Я стоял перед своей хозяйкой.
– Ну, где горит? – спросила фрау Залевски.
– Нигде, – ответил я. – Просто хочу заплатить за квартиру.
До истечения срока оставалось три дня, и фрау Залевски едва не упала от удивления.
– Тут дело нечисто, – высказала она свое подозрение.
– Отнюдь, – возразил я. – Вы позволите мне взять на сегодняшний вечер оба парчовых кресла из вашей гостиной?
Она грозно вперила руки в свои увесистые бока.

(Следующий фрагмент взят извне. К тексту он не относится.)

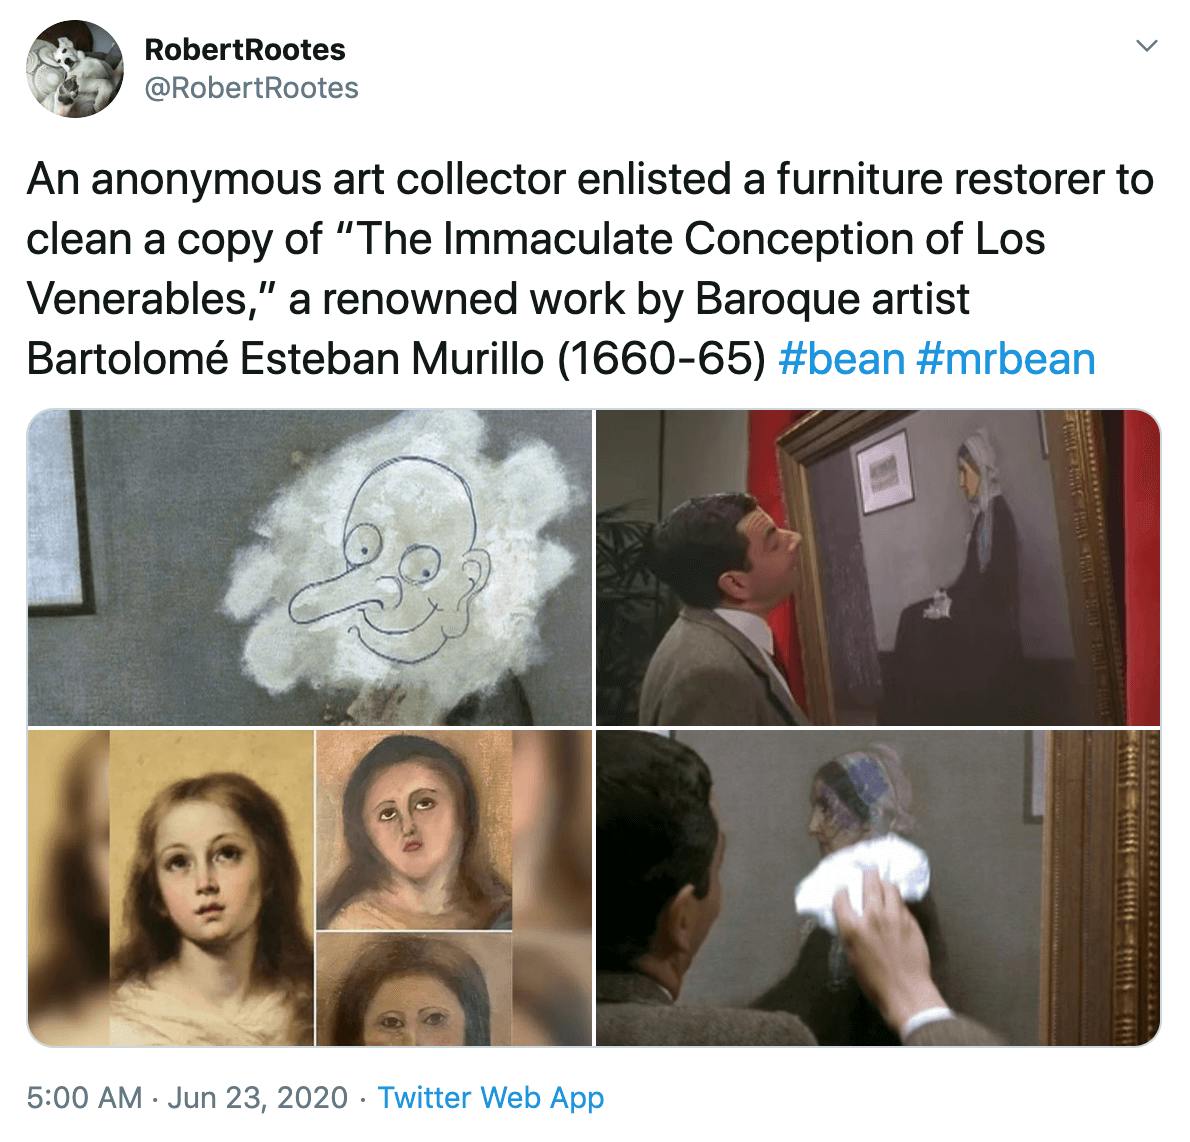 "An anonymous art collector enlisted a furniture restorer to clean a copy of “The Immaculate Conception of Los Venerables,” a renowned work by Baroque artist Bartolomé Esteban Murillo (1660-65) #bean #mrbean" Images of the original and the botched repair next to images from the Mr. Bean movie where Mr. Bean did the same thing

– Вот оно что! Вам, значит, больше не нравится ваша комната?
– Нравится. Но ваши парчовые кресла мне нравятся больше.
Я объяснил, что меня, возможно, посетит кузина и поэтому мне хотелось бы несколько украсить свою комнату. Она хохотала так, что грудь ее накатывала на меня, как девятый вал.
– Кузина! – передразнила она меня, вложив в интонацию все свое презрение. – И когда же пожалует ваша кузина?
– Ну, я в этом не совсем уверен, но если она придет, то, конечно, достаточно рано, к ужину. А почему, собственно, не должно быть на свете кузин, фрау Залевски?
– Кузины на свете, конечно, бывают, да только ради них не одалживают кресла.
– А я вот одалживаю, у меня, видите ли, очень развито родственное чувство, – заявил я.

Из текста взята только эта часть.